Wherein, e indicates that entity and relationship in the triple of extension, k indicate data classification quantity.D₁(e) indicate e in number According to the frequency for concentrating appearance, D₂(e^(k)) indicate the frequency that e occurs in k-th of data category, | C | indicate the total of data category Number.For each triple t=(s, p, o), the information entropy calculation formula of triple is as follows.

H (t)=η × (H (s)+H (p)+H (o)) (4)

Wherein, η is regulatory factor, 0 < η < 1.The weight w (t) of each triple is by IDF value and comentropy H value two parts It determines, shown in following formula.Wherein, | N | indicate the sum of triple in data set.

Third step：It is similar to triple to the calculating process of keyword weight, calculate separately each keyword IDF value and Information entropy.Firstly, to shown in the following formula of triple-keyword IDF calculating process.

If IDF (v_i| it e) is the crucial phrase v=(v for belonging to triple t=(s, p, o)₁,v₂,…,v_n) in keyword v_i's IDF value, e indicate the head entity s or tail entity o in triple t, without including the relationship between them.F(e,v_i) indicate ternary Group head entity s or tail entity o and keyword v_iThe number appeared in data set jointly.If IDF (v_i| t) indicate ternary Group-keyword IDF value, calculation formula is as follows, whereinFor regulatory factor,

4th step：Calculate the comentropy H (v of keyword_i| shown in the following formula of calculating process e).

Wherein, e only represents entity end to end, does not include the relationship between them.K indicates data classification quantity, D₁(v_i, e) and table Show keyword v_iThe number occurred jointly in data set with e, D₂(v_i,e^(k)) indicate keyword v_iWith e in k-th of data category In the number that occurs jointly, | C | indicate the sum of data category.For some keyword v of a triple t and it_i, Information entropy calculation formula is as follows.
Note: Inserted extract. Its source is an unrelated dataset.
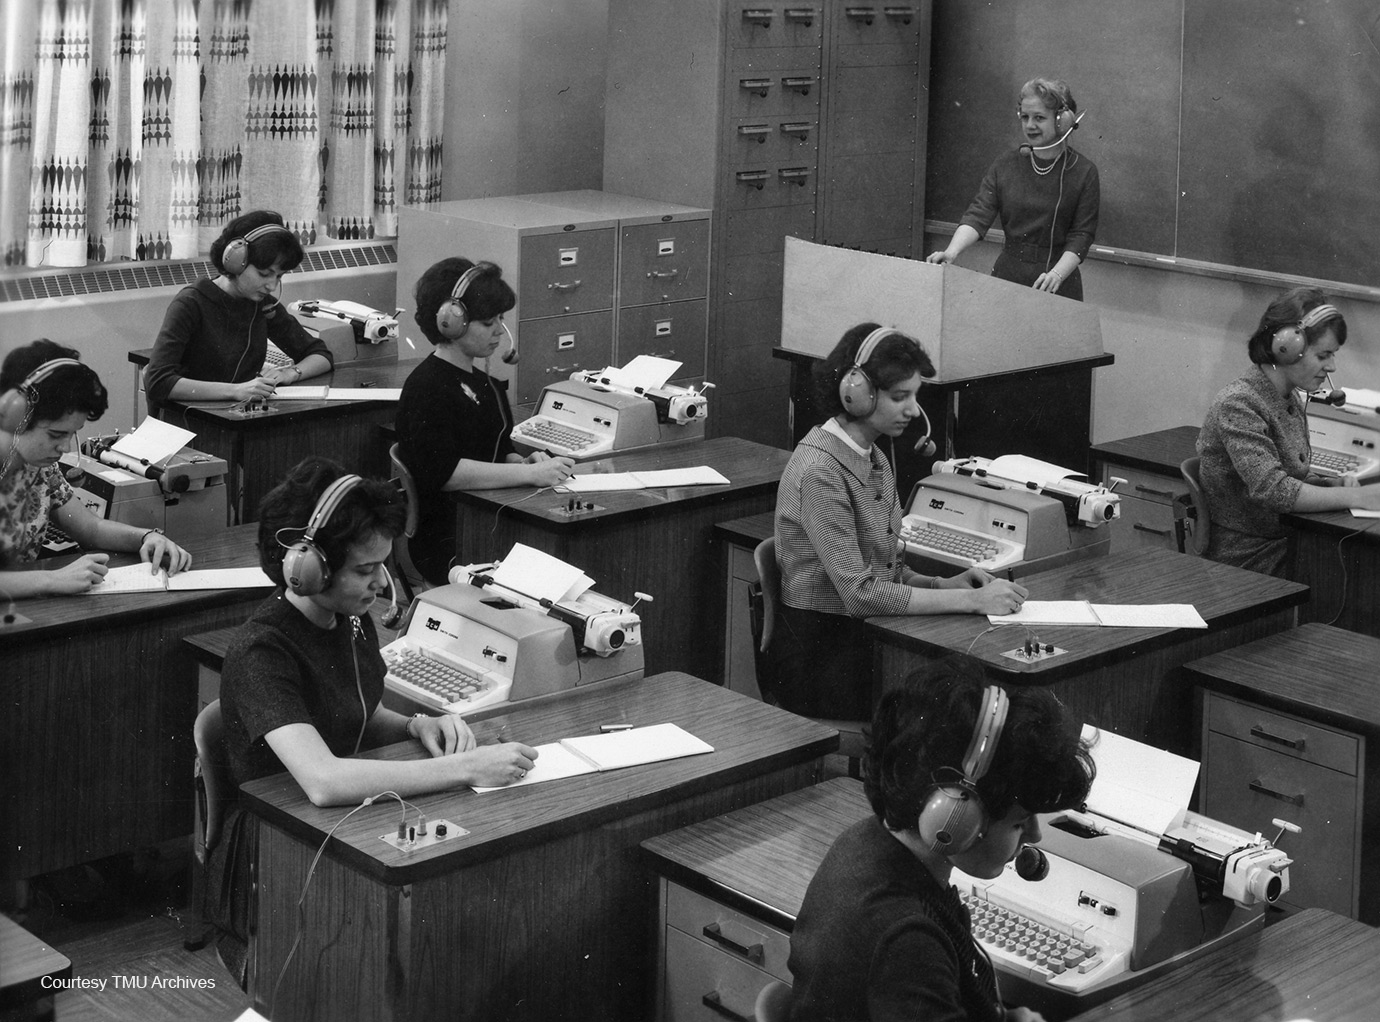 Women wearing headphones sitting at desks with typewriters.
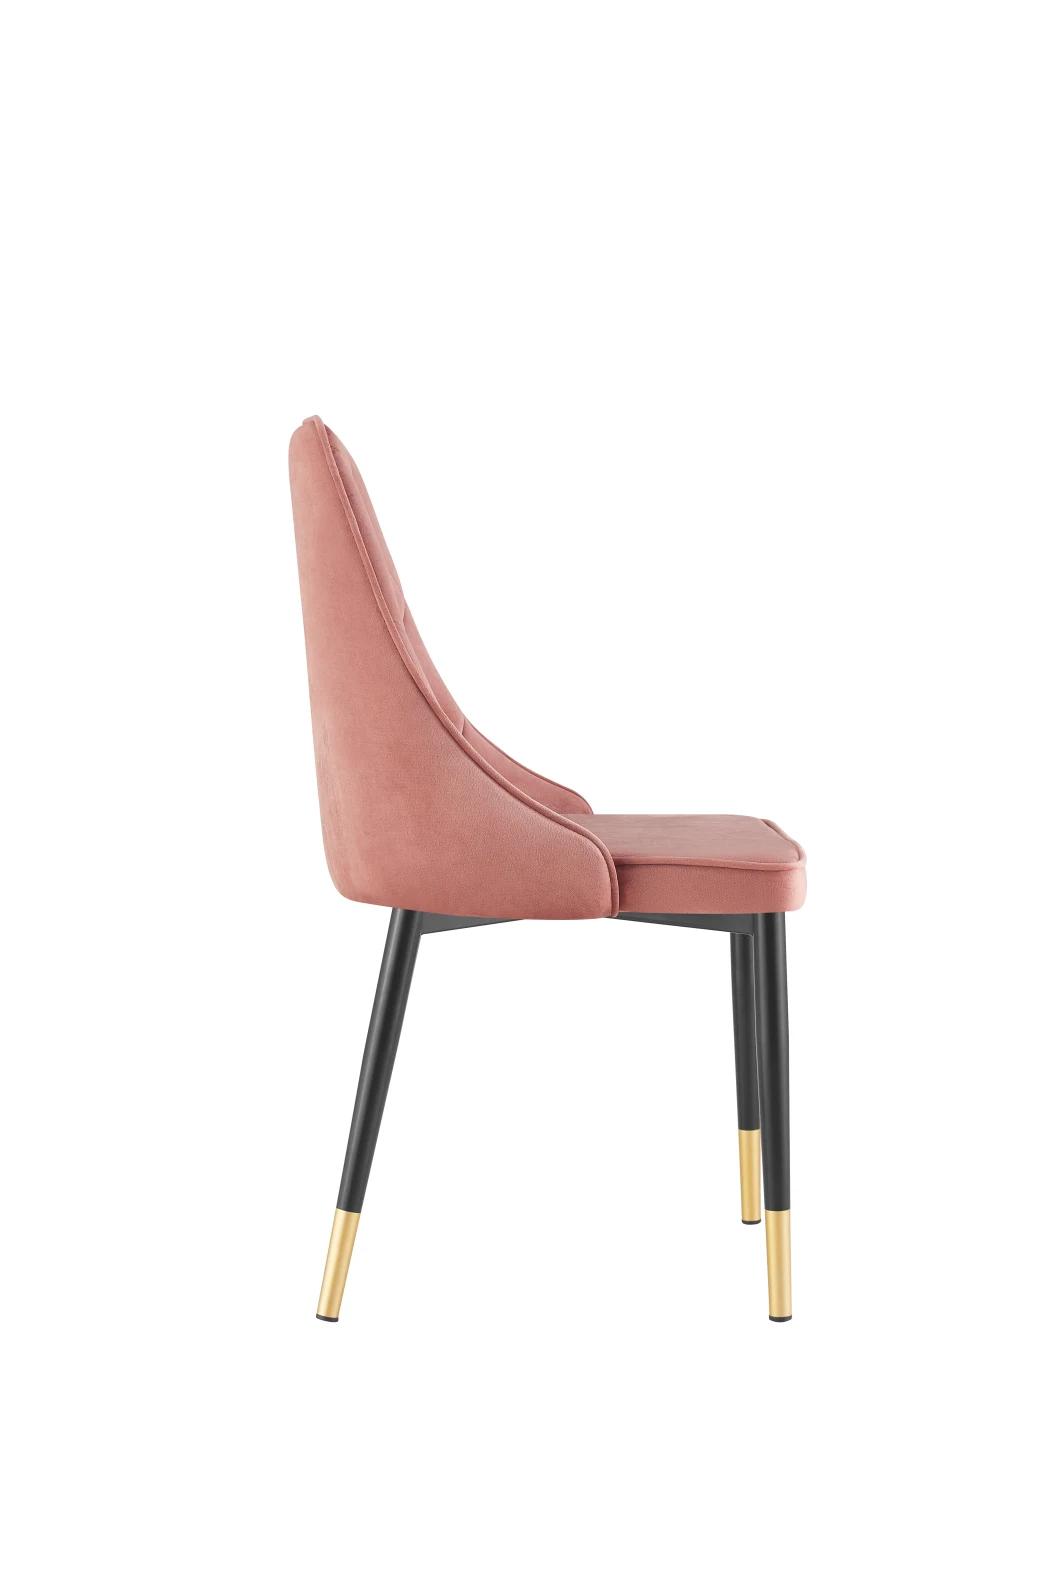 Dining Sofa Metal Chair Room Set Coffee Hotel Luxury Upholstered Soft Back Velvet Fabric

H(v_i| t)=θ × (H (v_i|s)+H(v_i|o))(9)

Wherein, θ indicates regulatory factor, 0 < θ < 1.Weight w (the v of each triple-keyword_i| t) by IDF value and letter Entropy H two parts composition is ceased, shown in following formula.

(2) relation query method based on triple similarity, the invention proposes one kind to be suitable for RDF knowledge mapping knot The correlation inquiry strategy of structure.Inquiring relaxed algorithm is a kind of very important relevance querying method, it refers in original query Middle change is perhaps deleted one or more rigid condition or is extended to original query condition, covers to obtain one The wider array of query processing process of lid range, it is final to obtain a group polling result associated with original query result.Specific steps It is as follows：

The first step：Balancing method based on triple similarity.From knowledge mapping structure, an entity may There are one or more sides to be connected with another entity, often more similar between those triples being connected directly, it Indicate a variety of relationships that the same entity may have or the different entities that same relationship represents.But in fact, two The side that may be connected directly between triple, but their entity tags having the same and side label, then these ternarys Similarity degree between group is also very important.Therefore, the semantic overlapping based on triple is proposed in view of this consideration Concept.Semanteme overlapping indicates to include the quantity in Ontological concept with identical Upper Concept, this may indicate that two concepts Similarity degree.The semantic overlapping of two RDF triples is defined as the quantity in triple with identical element, based on graph structure Semanteme overlapping is as shown in Figure 2.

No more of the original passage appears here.